By Pier Alexandre Lemaire (translated by Jacob Leon). Originally published on 2013/04/07

The “Islanders” of the Falklands were called to a referendum on the 10th and 11th of March, centering on the archipelago’s continued association with the United Kingdom. The vote yielded unsurprising results, given that asking a crowd of Brits whether they think they ought to remain British smacks somewhat of an exercise in the absurd. This is however rather irrelevant when this affair is regarded from the point of view of diplomacy rather than democracy. A move which has played into a conflict taking place between China and Japan an ocean away .

The question of the Falklands has been a bone of contention between Argentina and the United Kingdom for nearly two centuries when the colonization of the archipelago’s was first undertaken by the British in 1833. Today the islands are home to 2841 civilians  and 1300 soldiers, not counting the 500 000 sheep who’s company they keep. The capital, Port Stanley, sits at about 480 km from Argentinian shores and 14000 km from the white cliffs of the Metropolis.

In 1988, the discovery of oil reserves with an estimated value of 8 billion barrels reignited tensions between Argentina and the United Kingdom. A development which lead to the United Nations Special Committee on Decolonization to issue numerous exhortations to both nations to come to the negotiating table to discuss rights to the islands. The announcement of a referendum on the political future of the islands brought the Argentinian ambassador to London Alicia Castro to declare:

The referendum is utterly meaningless from the perspective of international law. There exist 40 resolutions by the UN demanding the opening of negotiations between the United Kingdoms and Argentina. Thus this referendum is the result of a strategy which has as its goal to avoid opening talks.

The British MP George Galloway has also called on his government to produce proof of real intent in regards to the Falklands referendum. According to him, the government’s obstinacy on the issue stems from an old imperial reflex that he sees as incredibly detrimental to future relations between his nation and those of South America . He reminds us that every member of the Union of South American Nations  (UNASUR) has denounced the referendum, indicating its insignificance in actual political legitimacy. “ We are prejudicing fatally our interests and our reputation in Latin America by continuing by continuing to attempt to hold onto this appendage of colonial rule” Galloway declared, advocating instead a program of shared sovereignty.

On March 11 however, the question of the referendum took a turn which has brought the relevance of this question to parties unconnected to the Islanders and their would-be countrymen in Britain and Argentina, when the Chinese minister of foreign affairs Hua Chunying stated that “China supports Argentina’s claim to the Islands and expects both sides to resolve the issue through dialogue in accordance with the law.” This Chinese intervention is not however a move to improve Sino-Argentinian relations.
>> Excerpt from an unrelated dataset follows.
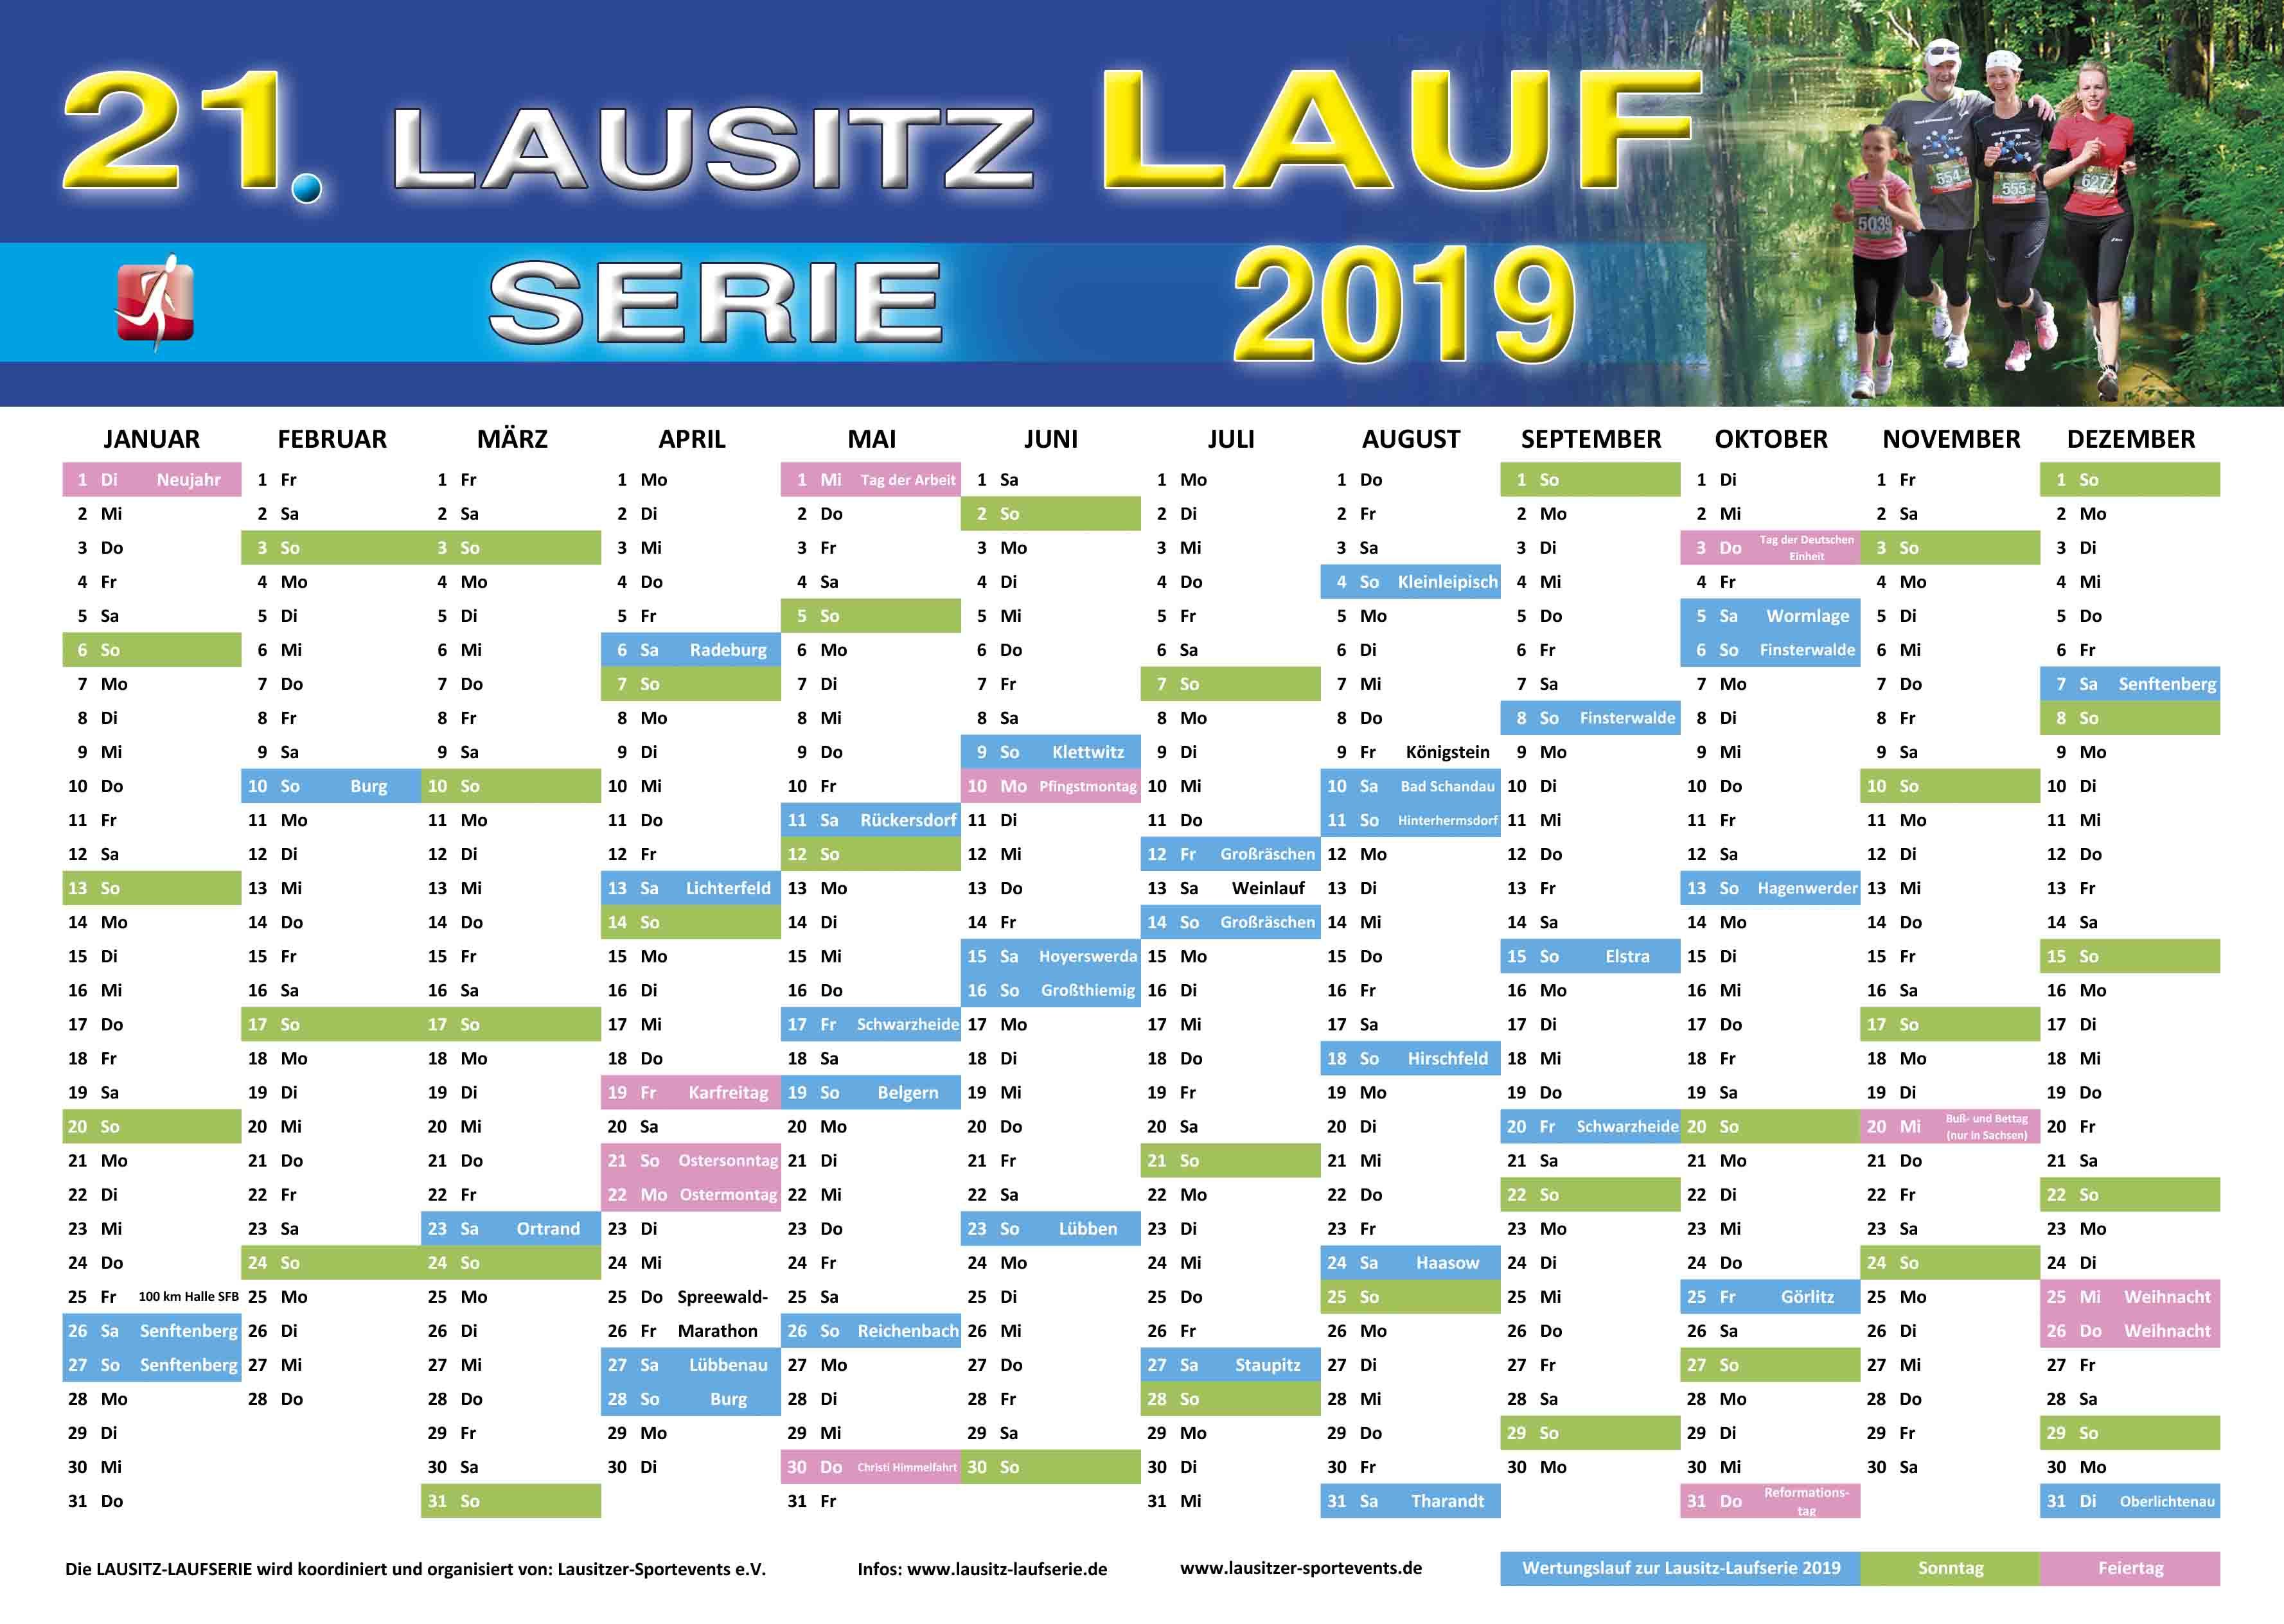 Der Jahreskalender zur 21. LAUSITZ-LAUFSERIE 2019

The true target seems to be one an ocean away from the British Argentinian issue. China’s aim is to force a dialogue with Japan on the question of the Senkaku-Diaoyu archipelago, a current holding of the Japanese government which China has long claimed rights to the islands as an integral part of its territories.

The Senkaku-Diaoyu debate shares a number of interesting features with the case of the Falklands as both controversies arose as consequences of colonialism. And while China supports the Argentinian position, Japan, in an attempt to defend its claim to the Senkaku-Diaoyu islands, has employed a rhetoric familiar to the Thatcher playbook of the 1980s during the war in the Falklands.
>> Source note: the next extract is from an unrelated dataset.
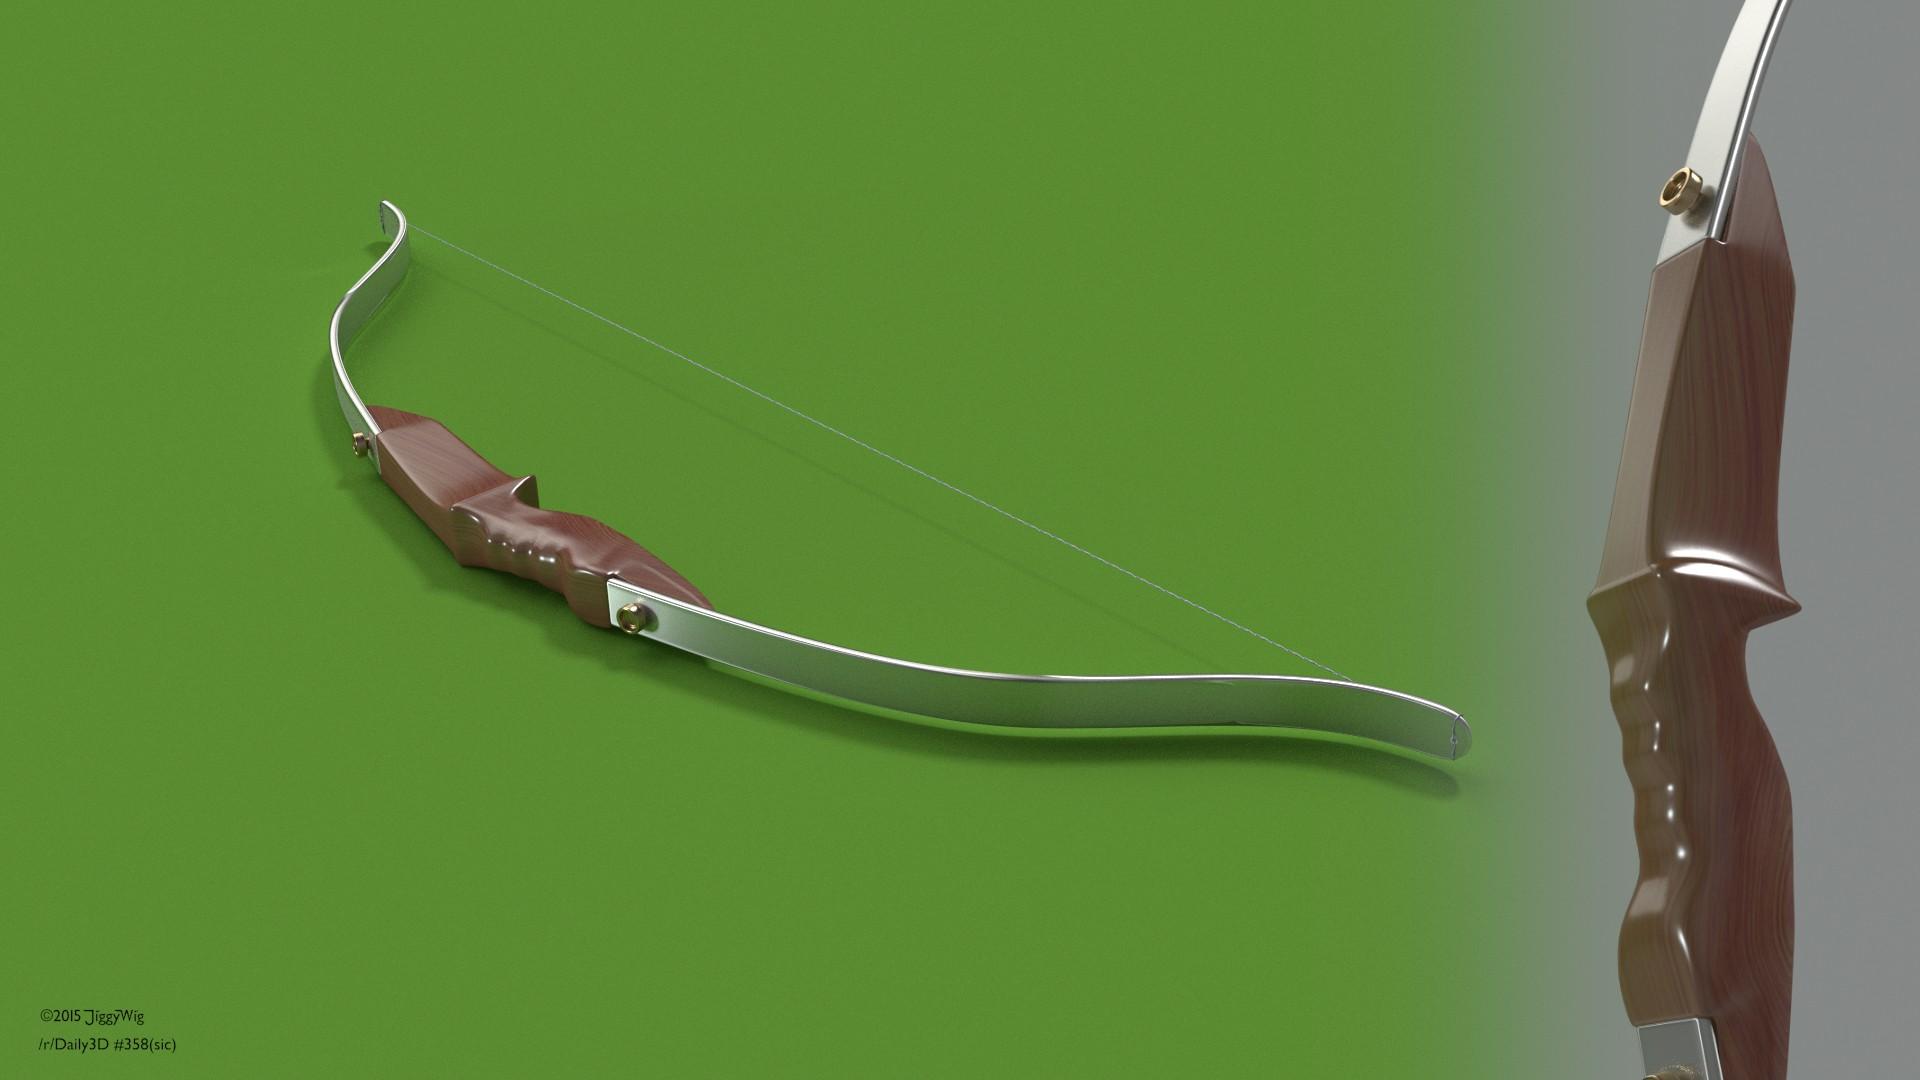 #358(sic) Archery

It was in this vein that on the 28th of February the Japanese Prime Minister Abe made the following declaration: “Our national interests have been immutable. They lie in making the seas which are the foundation of our nation’s existence, completely open, free and peaceful.”

Ultimately, the impotence of this referendum must be noted. Argentina’s position, though once only regionally important, now backed up by China, one of the most influential  members of the UN Security Council, can no longer be ignored. As it stands the only hope of resolving these two longstanding conflicts in the long term is to be found only in dialogue. Despite any legitimacy of rule that might be accorded to Japan and the UK, the fate of these Islands, remnants of an era marred by imperialism, must be placed in the hands of international law. Only by this method will Sino-Japanese and British-Argentinian relations be brought closer to complete stability.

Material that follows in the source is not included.